WHAT YOU WILL DO
Without omission or alteration, write out all of the data.

##### INFORMATION GIVEN #####

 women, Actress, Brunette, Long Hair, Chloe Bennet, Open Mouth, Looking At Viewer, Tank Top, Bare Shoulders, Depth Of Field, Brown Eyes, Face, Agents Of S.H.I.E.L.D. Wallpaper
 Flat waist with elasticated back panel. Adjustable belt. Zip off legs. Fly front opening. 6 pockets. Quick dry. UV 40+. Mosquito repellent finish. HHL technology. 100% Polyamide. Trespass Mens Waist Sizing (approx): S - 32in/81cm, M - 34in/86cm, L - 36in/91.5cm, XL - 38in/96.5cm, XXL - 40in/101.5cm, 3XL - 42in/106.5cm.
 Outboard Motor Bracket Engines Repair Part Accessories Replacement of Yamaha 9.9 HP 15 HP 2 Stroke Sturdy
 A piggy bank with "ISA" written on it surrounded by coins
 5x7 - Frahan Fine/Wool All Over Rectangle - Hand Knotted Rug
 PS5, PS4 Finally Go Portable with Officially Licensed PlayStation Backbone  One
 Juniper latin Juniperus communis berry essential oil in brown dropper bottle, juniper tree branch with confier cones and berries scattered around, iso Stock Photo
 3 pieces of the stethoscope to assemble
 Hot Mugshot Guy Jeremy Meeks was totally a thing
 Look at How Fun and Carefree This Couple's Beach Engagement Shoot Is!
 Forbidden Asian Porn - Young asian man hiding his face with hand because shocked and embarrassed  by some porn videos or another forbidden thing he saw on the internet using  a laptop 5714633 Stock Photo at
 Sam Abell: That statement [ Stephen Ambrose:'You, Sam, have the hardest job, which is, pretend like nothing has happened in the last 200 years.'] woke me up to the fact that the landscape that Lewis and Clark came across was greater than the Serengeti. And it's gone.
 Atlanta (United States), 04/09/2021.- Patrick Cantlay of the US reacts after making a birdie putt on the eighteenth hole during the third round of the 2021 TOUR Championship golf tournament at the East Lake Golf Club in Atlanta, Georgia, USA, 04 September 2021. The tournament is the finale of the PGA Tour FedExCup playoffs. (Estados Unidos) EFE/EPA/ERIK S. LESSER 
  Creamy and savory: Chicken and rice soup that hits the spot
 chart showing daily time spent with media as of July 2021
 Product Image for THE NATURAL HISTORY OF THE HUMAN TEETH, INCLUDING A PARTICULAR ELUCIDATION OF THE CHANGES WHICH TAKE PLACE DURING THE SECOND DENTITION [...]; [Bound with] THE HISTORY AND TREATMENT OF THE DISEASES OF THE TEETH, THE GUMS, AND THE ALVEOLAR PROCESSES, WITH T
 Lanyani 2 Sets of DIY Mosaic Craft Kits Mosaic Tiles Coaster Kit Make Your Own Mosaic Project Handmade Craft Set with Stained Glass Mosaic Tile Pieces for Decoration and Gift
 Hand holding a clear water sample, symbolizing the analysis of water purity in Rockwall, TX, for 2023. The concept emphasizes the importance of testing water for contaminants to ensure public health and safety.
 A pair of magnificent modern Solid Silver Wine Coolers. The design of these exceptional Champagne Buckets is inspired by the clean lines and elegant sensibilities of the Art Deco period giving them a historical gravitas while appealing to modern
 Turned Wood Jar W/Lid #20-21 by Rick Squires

#####

ANSWER BOX
 women, Actress, Brunette, Long Hair, Chloe Bennet, Open Mouth, Looking At Viewer, Tank Top, Bare Shoulders, Depth Of Field, Brown Eyes, Face, Agents Of S.H.I.E.L.D. Wallpaper
 Flat waist with elasticated back panel. Adjustable belt. Zip off legs. Fly front opening. 6 pockets. Quick dry. UV 40+. Mosquito repellent finish. HHL technology. 100% Polyamide. Trespass Mens Waist Sizing (approx): S - 32in/81cm, M - 34in/86cm, L - 36in/91.5cm, XL - 38in/96.5cm, XXL - 40in/101.5cm, 3XL - 42in/106.5cm.
 Outboard Motor Bracket Engines Repair Part Accessories Replacement of Yamaha 9.9 HP 15 HP 2 Stroke Sturdy
 A piggy bank with "ISA" written on it surrounded by coins
 5x7 - Frahan Fine/Wool All Over Rectangle - Hand Knotted Rug
 PS5, PS4 Finally Go Portable with Officially Licensed PlayStation Backbone  One
 Juniper latin Juniperus communis berry essential oil in brown dropper bottle, juniper tree branch with confier cones and berries scattered around, iso Stock Photo
 3 pieces of the stethoscope to assemble
 Hot Mugshot Guy Jeremy Meeks was totally a thing
 Look at How Fun and Carefree This Couple's Beach Engagement Shoot Is!
 Forbidden Asian Porn - Young asian man hiding his face with hand because shocked and embarrassed  by some porn videos or another forbidden thing he saw on the internet using  a laptop 5714633 Stock Photo at
 Sam Abell: That statement [ Stephen Ambrose:'You, Sam, have the hardest job, which is, pretend like nothing has happened in the last 200 years.'] woke me up to the fact that the landscape that Lewis and Clark came across was greater than the Serengeti. And it's gone.
 Atlanta (United States), 04/09/2021.- Patrick Cantlay of the US reacts after making a birdie putt on the eighteenth hole during the third round of the 2021 TOUR Championship golf tournament at the East Lake Golf Club in Atlanta, Georgia, USA, 04 September 2021. The tournament is the finale of the PGA Tour FedExCup playoffs. (Estados Unidos) EFE/EPA/ERIK S. LESSER 
  Creamy and savory: Chicken and rice soup that hits the spot
 chart showing daily time spent with media as of July 2021
 Product Image for THE NATURAL HISTORY OF THE HUMAN TEETH, INCLUDING A PARTICULAR ELUCIDATION OF THE CHANGES WHICH TAKE PLACE DURING THE SECOND DENTITION [...]; [Bound with] THE HISTORY AND TREATMENT OF THE DISEASES OF THE TEETH, THE GUMS, AND THE ALVEOLAR PROCESSES, WITH T
 Lanyani 2 Sets of DIY Mosaic Craft Kits Mosaic Tiles Coaster Kit Make Your Own Mosaic Project Handmade Craft Set with Stained Glass Mosaic Tile Pieces for Decoration and Gift
 Hand holding a clear water sample, symbolizing the analysis of water purity in Rockwall, TX, for 2023. The concept emphasizes the importance of testing water for contaminants to ensure public health and safety.
 A pair of magnificent modern Solid Silver Wine Coolers. The design of these exceptional Champagne Buckets is inspired by the clean lines and elegant sensibilities of the Art Deco period giving them a historical gravitas while appealing to modern
 Turned Wood Jar W/Lid #20-21 by Rick Squires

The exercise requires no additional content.